The photocatalytic mineralization of phenolic wastewater via self-generation and -activation of H2O2 technology

Abstract

Achieving efficient photocatalytic degradation and mineralization of phenolic pollutants under mild conditions is the key to solving the environmental crisis. Herein, a novel self-generation and -activation of H2O2 technology is achieved on graphitic carbon nitride (GCN)/anthraquinone-based covalent organic frameworks (TD-COF) heterojunction photocatalysts (CNTD-X).
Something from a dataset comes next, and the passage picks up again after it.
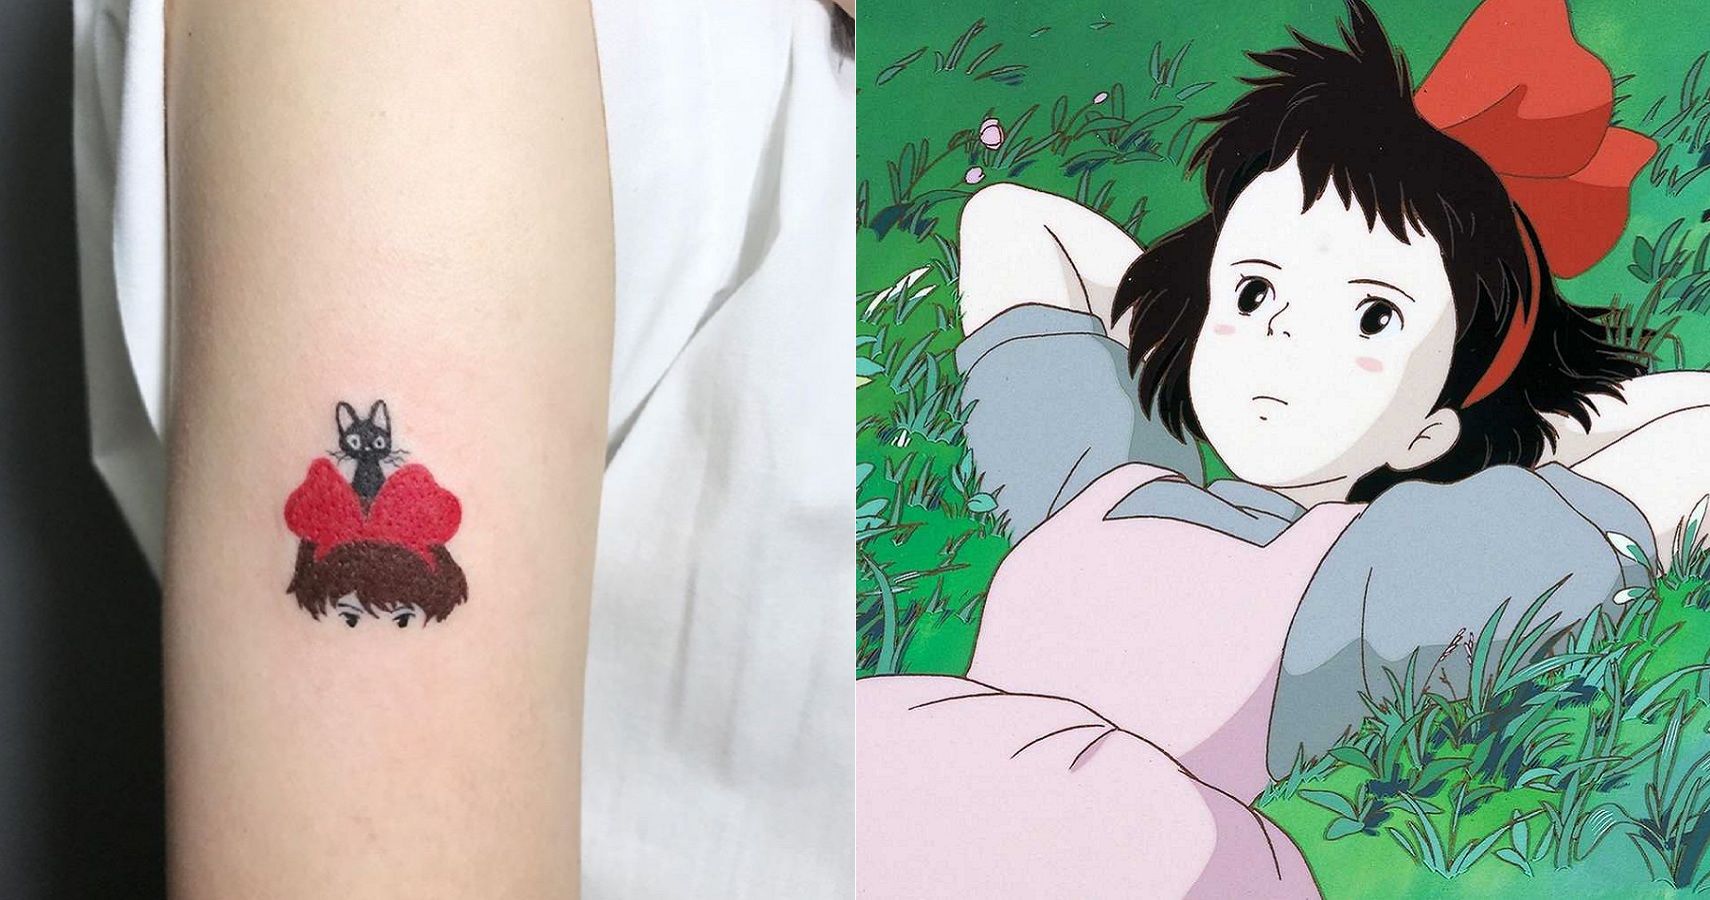 naomi lasagna  on Twitter  tattoo round 5 is for my boi haku  from my favourite ghibli film spirited away haku is the river spirit  chihiros guidance and wisdom in an

Some of the photogenerated electrons (e-) that migrate directionally to the surface of TD-COF could generate H2O2via oxygen reduction reaction (ORR) route, while the e- gathered around anthraquinone can reduce it to stable semi-quinone radicals, which can further release hydroxyl radical (·OH) through electron transfer with H2O2. The photogenerated holes (h+) gathered on the surface of GCN would provide important raw materials for ORR reaction through oxidation of water, and participate in the mineralization process of pollutants. With the ring opening of·OH and the oxidation of h+, this heterojunction system can achieve efficient phenolic pollutants removal. The optimal sample of CNTD-0.02 possesses an incredible phenol removal (99.4%) within 12 min under visible light irradiation (λ > 420 nm), and total organic carbon (TOC) analysis shows 81% phenol is converted into CO2 and H2O. The photo-degradation rate of CNTD-0.02 is about 204.2 and 26.8 times that of GCN and TD-COF, respectively. This novel photocatalytic strategy over CNTD-X could also be applied in other phenolic pollutants removal, and our work paves a new way for environmental remediation in clean and efficient technology.